• **YOUR INSTRUCTIONS**:
The expected output is every entry, copied exactly.

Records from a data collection
▼▼▼

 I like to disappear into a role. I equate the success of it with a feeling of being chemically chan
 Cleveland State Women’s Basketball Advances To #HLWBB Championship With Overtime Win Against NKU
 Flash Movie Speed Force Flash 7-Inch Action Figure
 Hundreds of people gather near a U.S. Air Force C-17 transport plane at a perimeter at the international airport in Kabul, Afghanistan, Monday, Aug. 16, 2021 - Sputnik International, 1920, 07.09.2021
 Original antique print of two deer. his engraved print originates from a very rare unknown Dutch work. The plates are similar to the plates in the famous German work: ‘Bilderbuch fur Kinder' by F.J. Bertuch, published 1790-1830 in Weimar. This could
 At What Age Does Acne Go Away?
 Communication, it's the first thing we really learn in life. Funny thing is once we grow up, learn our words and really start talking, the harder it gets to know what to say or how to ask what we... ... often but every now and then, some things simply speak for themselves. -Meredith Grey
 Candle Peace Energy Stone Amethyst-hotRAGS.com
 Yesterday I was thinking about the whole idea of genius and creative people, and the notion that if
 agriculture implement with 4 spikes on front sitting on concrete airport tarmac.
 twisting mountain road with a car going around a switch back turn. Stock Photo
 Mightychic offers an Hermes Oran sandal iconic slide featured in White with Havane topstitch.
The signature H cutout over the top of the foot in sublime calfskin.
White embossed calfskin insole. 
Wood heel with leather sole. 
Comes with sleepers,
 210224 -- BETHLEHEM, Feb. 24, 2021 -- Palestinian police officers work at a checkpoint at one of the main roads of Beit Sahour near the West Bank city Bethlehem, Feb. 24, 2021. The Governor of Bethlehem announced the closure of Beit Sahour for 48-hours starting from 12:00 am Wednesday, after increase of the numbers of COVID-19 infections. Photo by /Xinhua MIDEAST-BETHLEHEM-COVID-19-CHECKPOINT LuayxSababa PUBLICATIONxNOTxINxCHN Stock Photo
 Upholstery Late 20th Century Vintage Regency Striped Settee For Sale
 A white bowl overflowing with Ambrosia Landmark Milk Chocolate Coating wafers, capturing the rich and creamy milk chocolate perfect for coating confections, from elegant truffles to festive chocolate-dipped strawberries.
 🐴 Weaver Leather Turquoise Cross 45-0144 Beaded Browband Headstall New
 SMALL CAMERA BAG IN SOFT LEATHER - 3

▲▲▲

• **RESULT OF THE EXERCISE**:
 I like to disappear into a role. I equate the success of it with a feeling of being chemically chan
 Cleveland State Women’s Basketball Advances To #HLWBB Championship With Overtime Win Against NKU
 Flash Movie Speed Force Flash 7-Inch Action Figure
 Hundreds of people gather near a U.S. Air Force C-17 transport plane at a perimeter at the international airport in Kabul, Afghanistan, Monday, Aug. 16, 2021 - Sputnik International, 1920, 07.09.2021
 Original antique print of two deer. his engraved print originates from a very rare unknown Dutch work. The plates are similar to the plates in the famous German work: ‘Bilderbuch fur Kinder' by F.J. Bertuch, published 1790-1830 in Weimar. This could
 At What Age Does Acne Go Away?
 Communication, it's the first thing we really learn in life. Funny thing is once we grow up, learn our words and really start talking, the harder it gets to know what to say or how to ask what we... ... often but every now and then, some things simply speak for themselves. -Meredith Grey
 Candle Peace Energy Stone Amethyst-hotRAGS.com
 Yesterday I was thinking about the whole idea of genius and creative people, and the notion that if
 agriculture implement with 4 spikes on front sitting on concrete airport tarmac.
 twisting mountain road with a car going around a switch back turn. Stock Photo
 Mightychic offers an Hermes Oran sandal iconic slide featured in White with Havane topstitch.
The signature H cutout over the top of the foot in sublime calfskin.
White embossed calfskin insole. 
Wood heel with leather sole. 
Comes with sleepers,
 210224 -- BETHLEHEM, Feb. 24, 2021 -- Palestinian police officers work at a checkpoint at one of the main roads of Beit Sahour near the West Bank city Bethlehem, Feb. 24, 2021. The Governor of Bethlehem announced the closure of Beit Sahour for 48-hours starting from 12:00 am Wednesday, after increase of the numbers of COVID-19 infections. Photo by /Xinhua MIDEAST-BETHLEHEM-COVID-19-CHECKPOINT LuayxSababa PUBLICATIONxNOTxINxCHN Stock Photo
 Upholstery Late 20th Century Vintage Regency Striped Settee For Sale
 A white bowl overflowing with Ambrosia Landmark Milk Chocolate Coating wafers, capturing the rich and creamy milk chocolate perfect for coating confections, from elegant truffles to festive chocolate-dipped strawberries.
 🐴 Weaver Leather Turquoise Cross 45-0144 Beaded Browband Headstall New
 SMALL CAMERA BAG IN SOFT LEATHER - 3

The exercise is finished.